Fig. 1.

Native L. hesperus MA silk protein diffusion measured by PFG-STE NMR. (A) Gradient echo magnetic resonance image (GRE-MRI, 18.8 T) of 300-µm-thick cross-section slice of the L. hesperus spider abdomen at the coronal cross-section orientation. Red box indicates one of the two MA glands, which were removed by dissection from L. hesperus spiders for all subsequent NMR, DLS, and cryo-TEM analysis. (B–D) PFG-STE NMR data. (B) Self-diffusion coefficient (D) vs. interpulse delay (Δ) for MA silk protein at native gland conditions (concentration ∼35 wt %, pH ∼7).
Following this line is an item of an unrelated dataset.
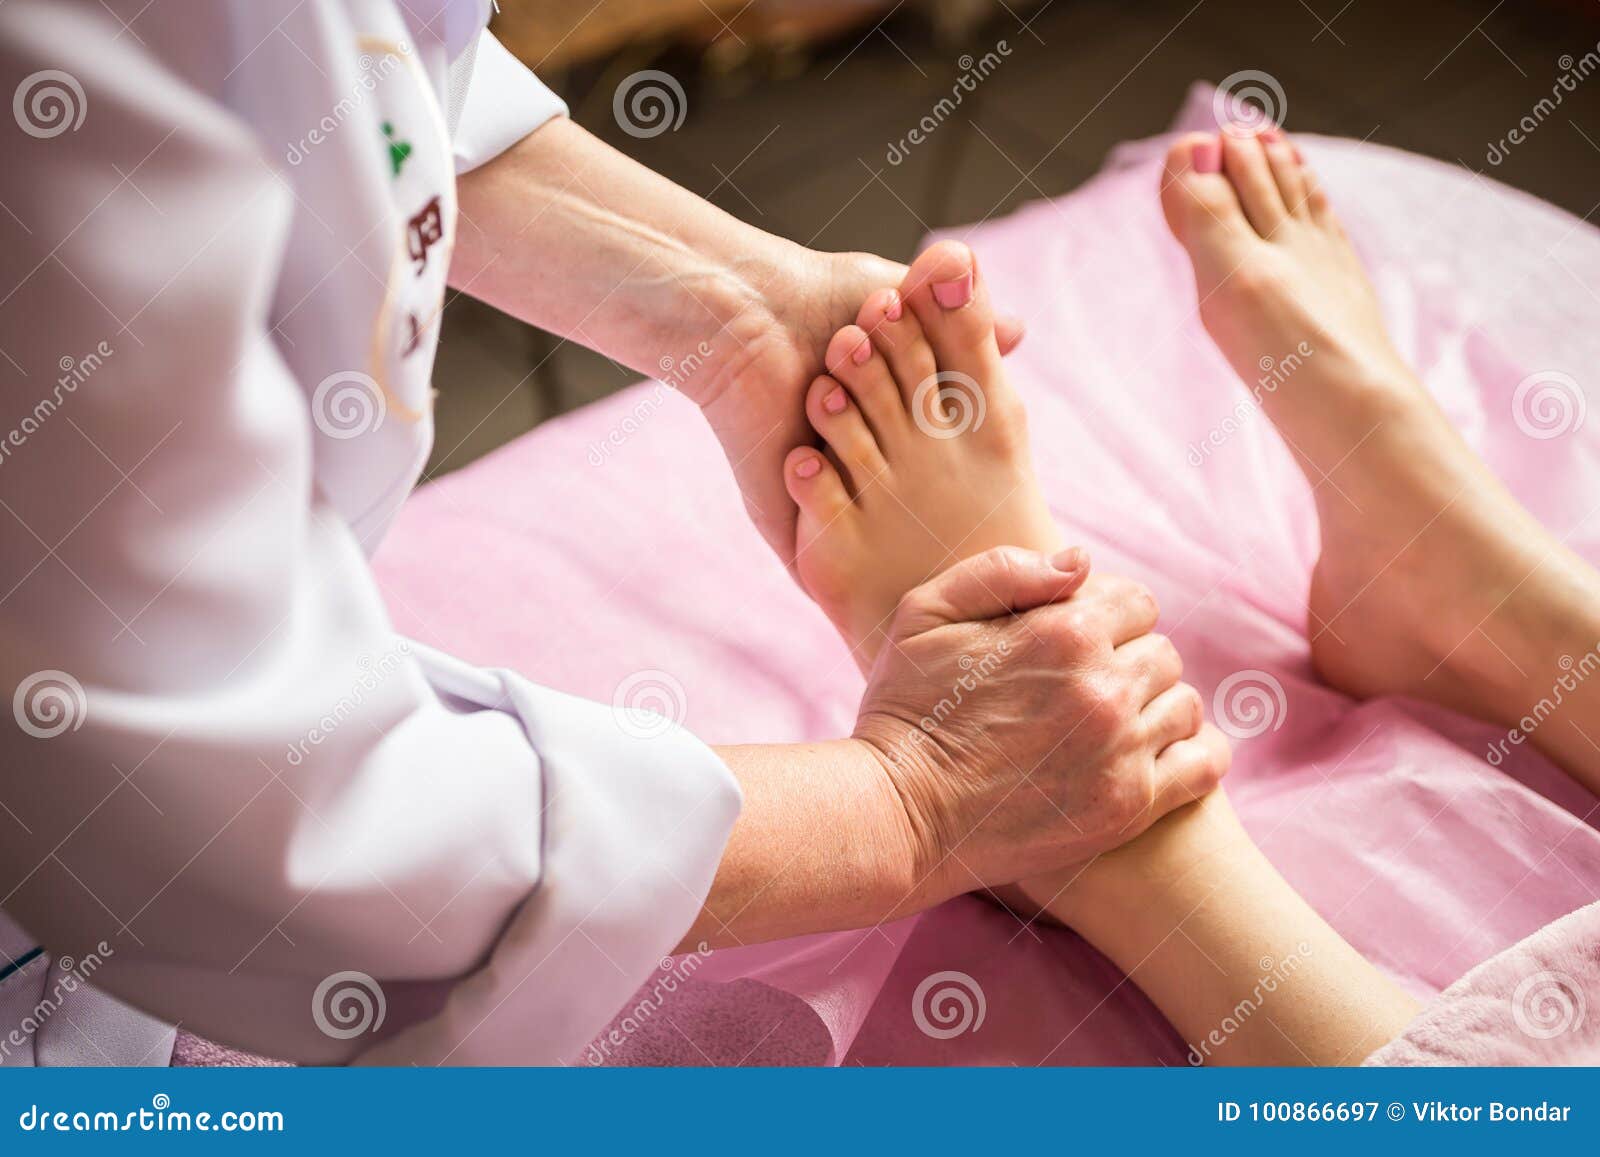 Foot Massage In Spa Salon CloseupYoung Woman Havin

Strong Δ dependence is observed, and the decreasing D as a function of Δ illustrates that diffusion is restricted at native conditions (MSD ∼300 nm). (C) D vs. Δ for the MA silk protein dope following dilution in 4 M urea (concentration ∼10 wt %, 48 h in urea). The Δ dependence is no longer observed, indicating diffusion is not restricted following solubilizing in urea. (D) MA silk protein D measured by PFG-STE NMR as a function of protein concentration in 4 M urea (48 h). The extracted self-diffusion coefficient at infinite dilution is 10.7 × 10⁻⁸ cm²/s (r_H ∼ 19 nm).